A significant portion of SE Asia's oil and gas reserves are found in marginal fields containing less than 30 million barrels (bbl) of recoverable oil. The cost of the typical infrastructure to develop these fields can be extremely large which results in some fields being too uneconomical to produce. Instead, some fields are tied-back to already existing infrastructure reducing the requirement for the additional expensive processing equipment. This results in larger production capabilities and more fields becoming economical. However, using this tie-back method requires the produced fluids to be measured and the correct volumes allocated back to the individual wells for both fiscal and ownership applications. As part of the industry standard Measurement Guidelines, the maximum allowable measurement uncertainty for these measurements is often ± 1% (k=2).

For marginal fields the production flowrate is often in the region of 2,000-8,000 bbl/day of oil with expected water cuts starting below 10% and rising to over 50% after several years of production. Owing to limitations in tie-back facilities there are situations where gas break-out in the metering stream can occur (due to insufficient static head). This can result in 3-phase flow through the measurement point which is known to increase the error and uncertainty of measurement. In order to meet the measurement uncertainty requirements a new method has been developed that corrects the mass flow based on live measurement data, PVT models and correction curves generated from a characterisation of the meters.

After a baseline calibration, the meter is then tested in 3-phase flow to give an indication of measurement accuracy and repeatability under these conditions. Correction curves are then generated to correct the meters performance with various quantities of gas and water present. From recent tests, the results from the baseline calibration of the meters showed excellent performance in terms of accuracy and repeatability. During the characterisation tests, large errors were present but these were found to be very repeatable for higher flowrates and corrections could easily be applied. At lower flowrates the Coriolis meters were less repeatable.

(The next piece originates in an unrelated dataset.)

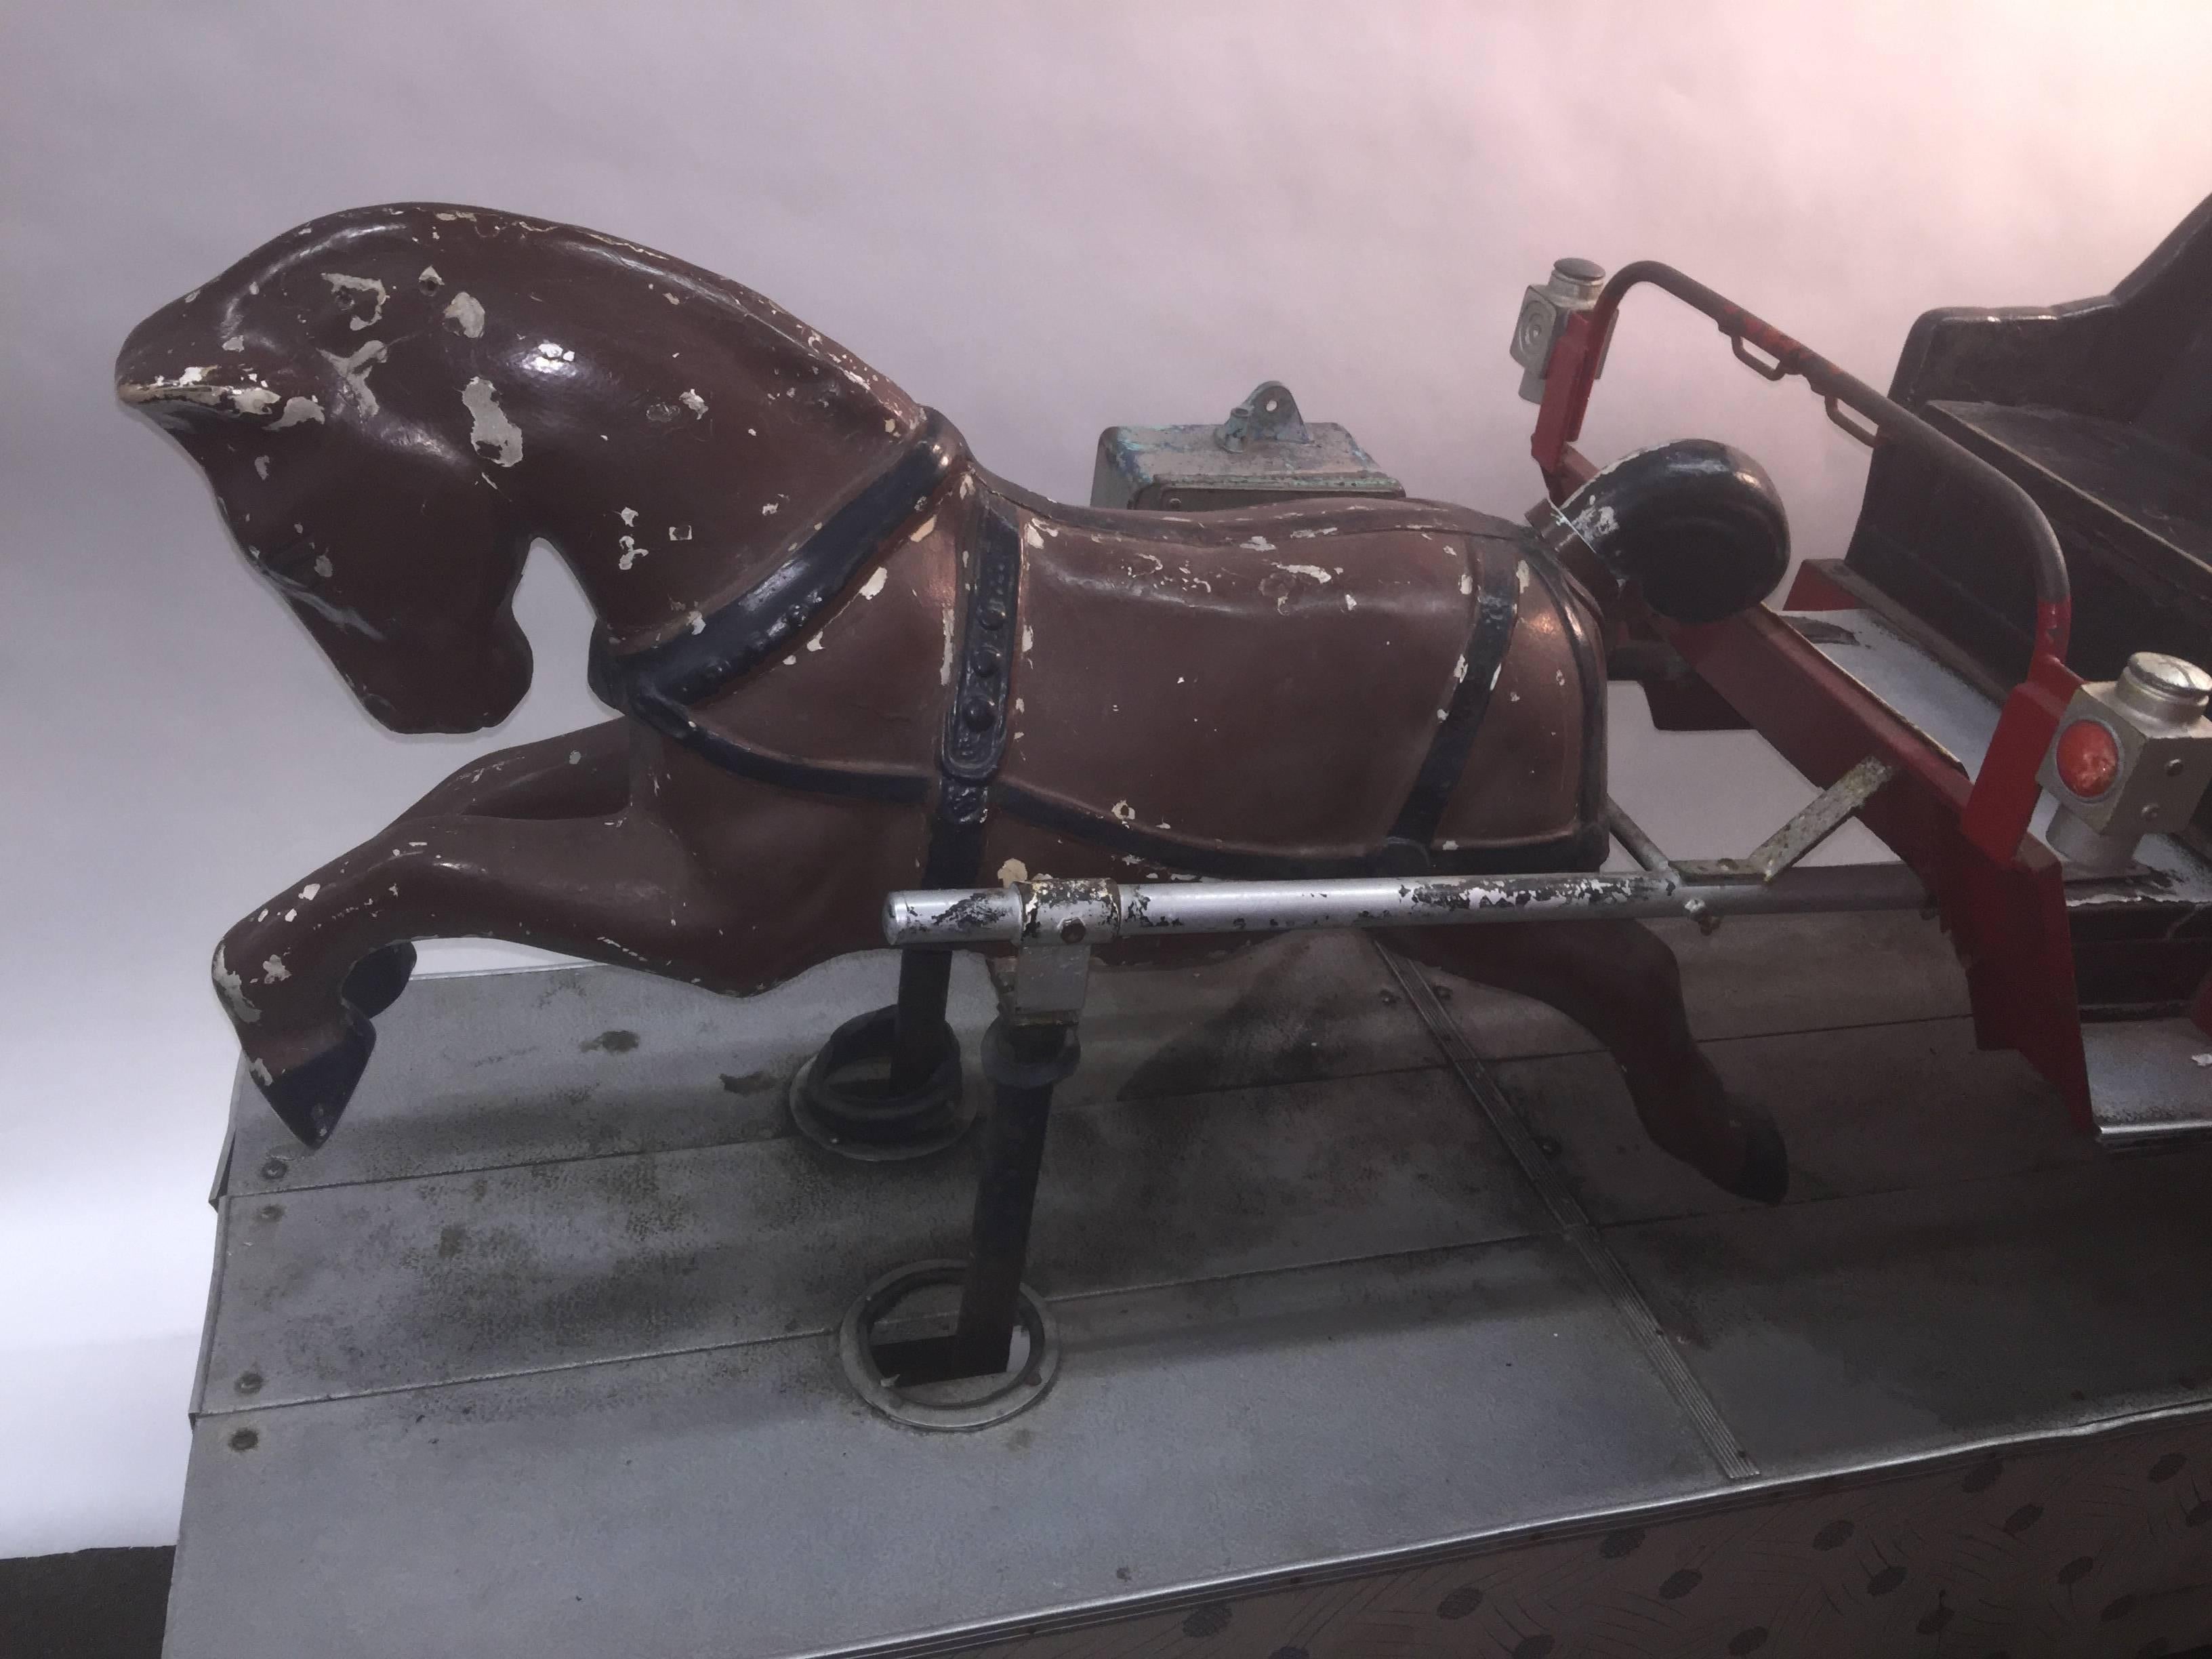 A really cool automated ride circa 1940s-1960s depicting a horse pulling a seated carriage with a water tank attached that firemen used back in the Day. Working and operational, meaning you can take a ride on the undulating seat, this can be viewed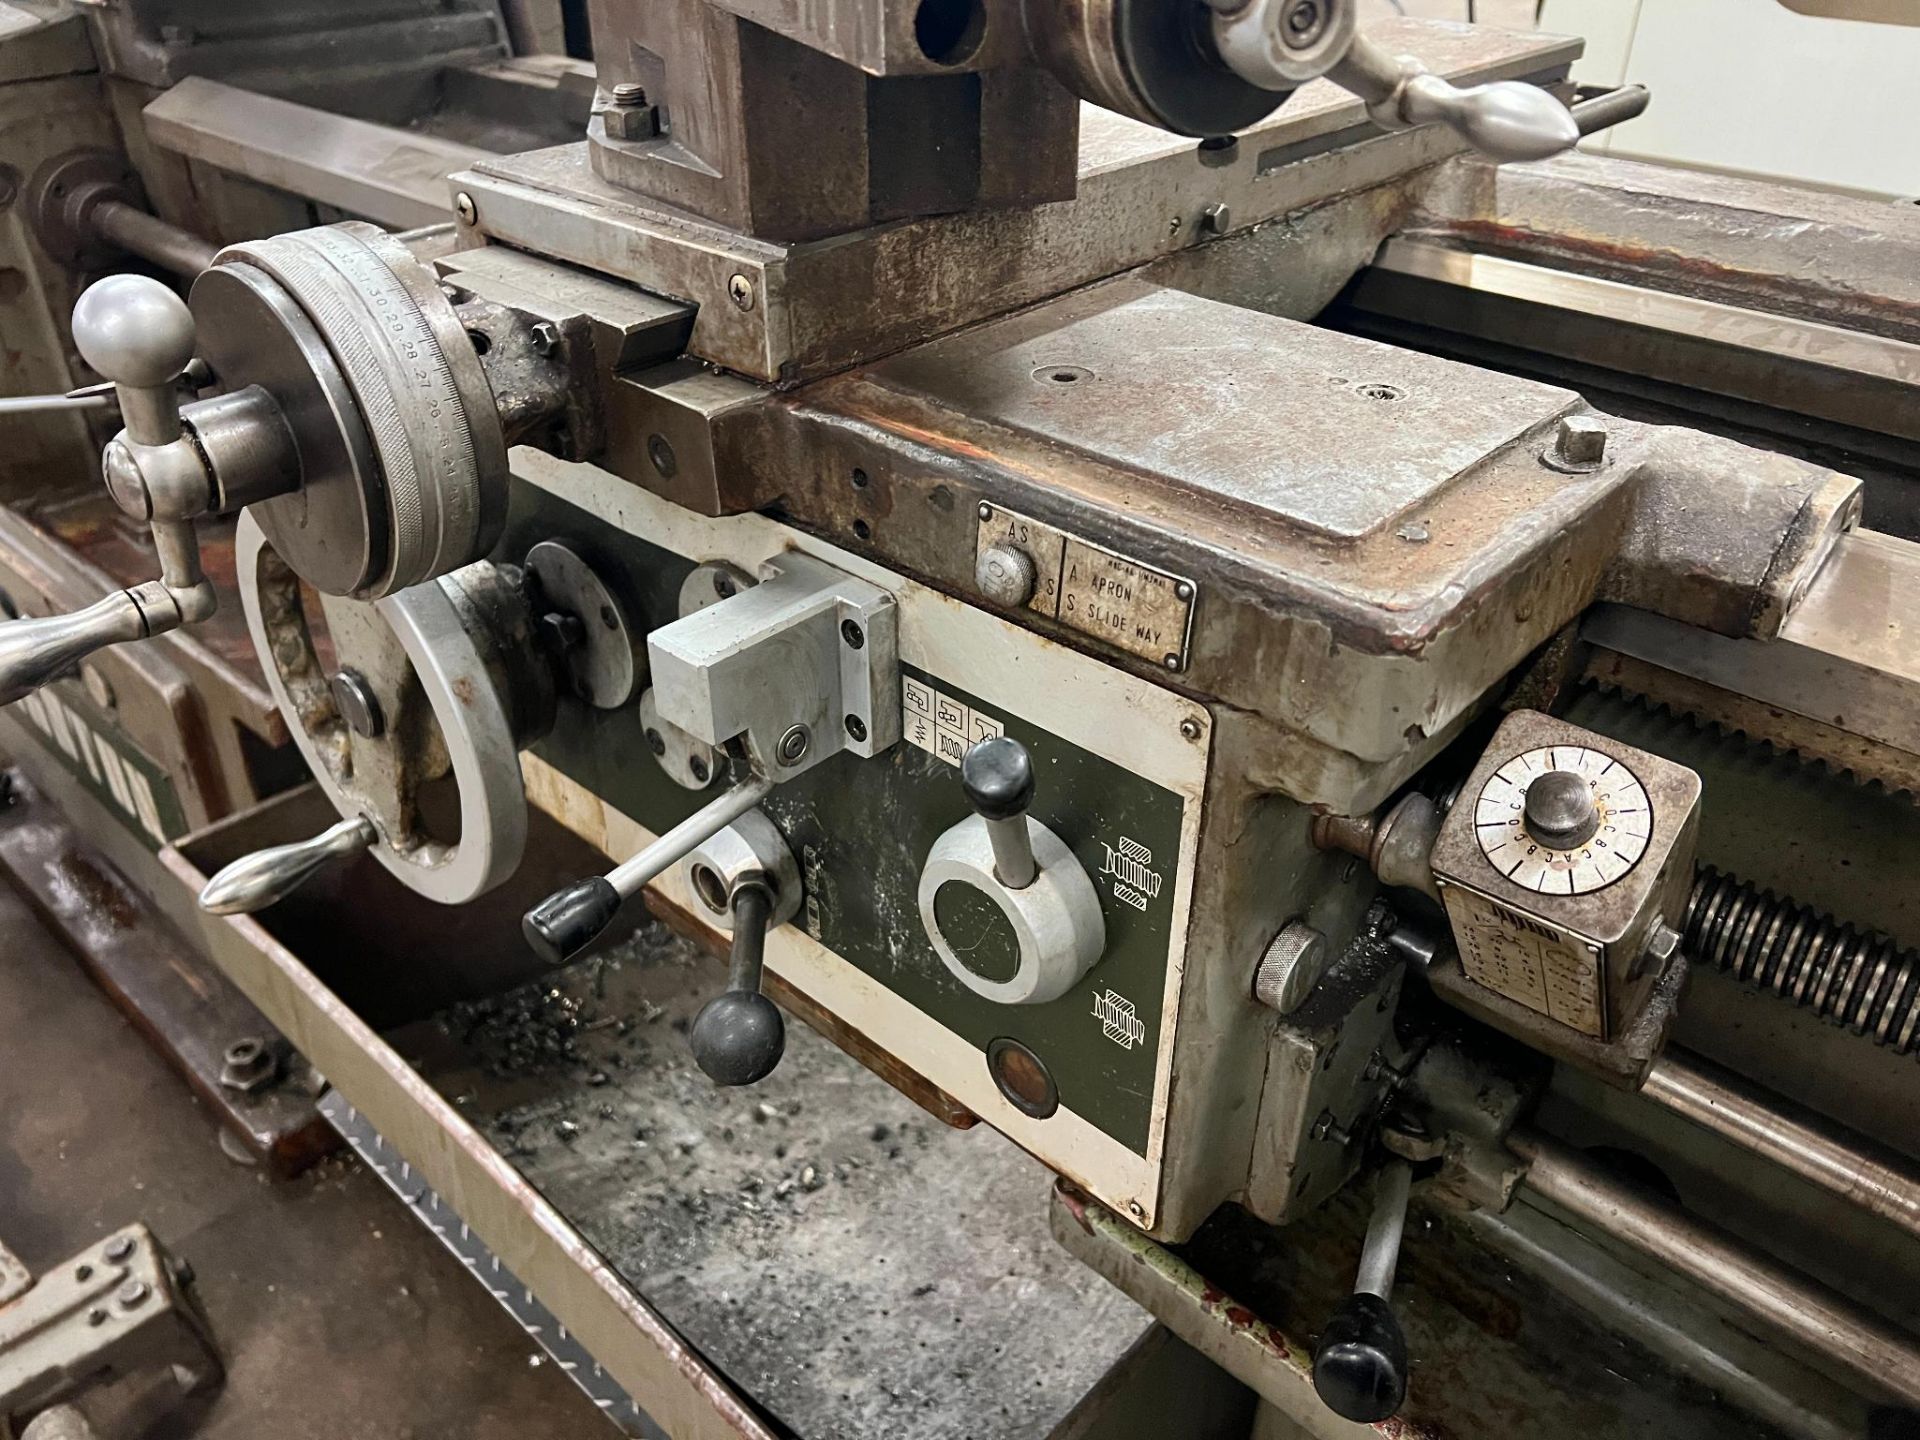 Kingston HLC-2180 (JIMK530x2000) Gap Bed Engine lathe Serial Number K3099715. 21" x 80" Swing over b - Image 11 of 21

This paper will discuss the role of allocation meters in the development of marginal fields and provides a case study on a new method of using single phase flow meters under 3-phase conditions. To the author's knowledge, this method has not been used before and represents a novel use of commercial equipment. The paper will describe the measurement process and discuss the additional sources of uncertainty involved in the process. The paper will end with recommendations for future developments in the region to maximise production and lower costs associated with measurement equipment.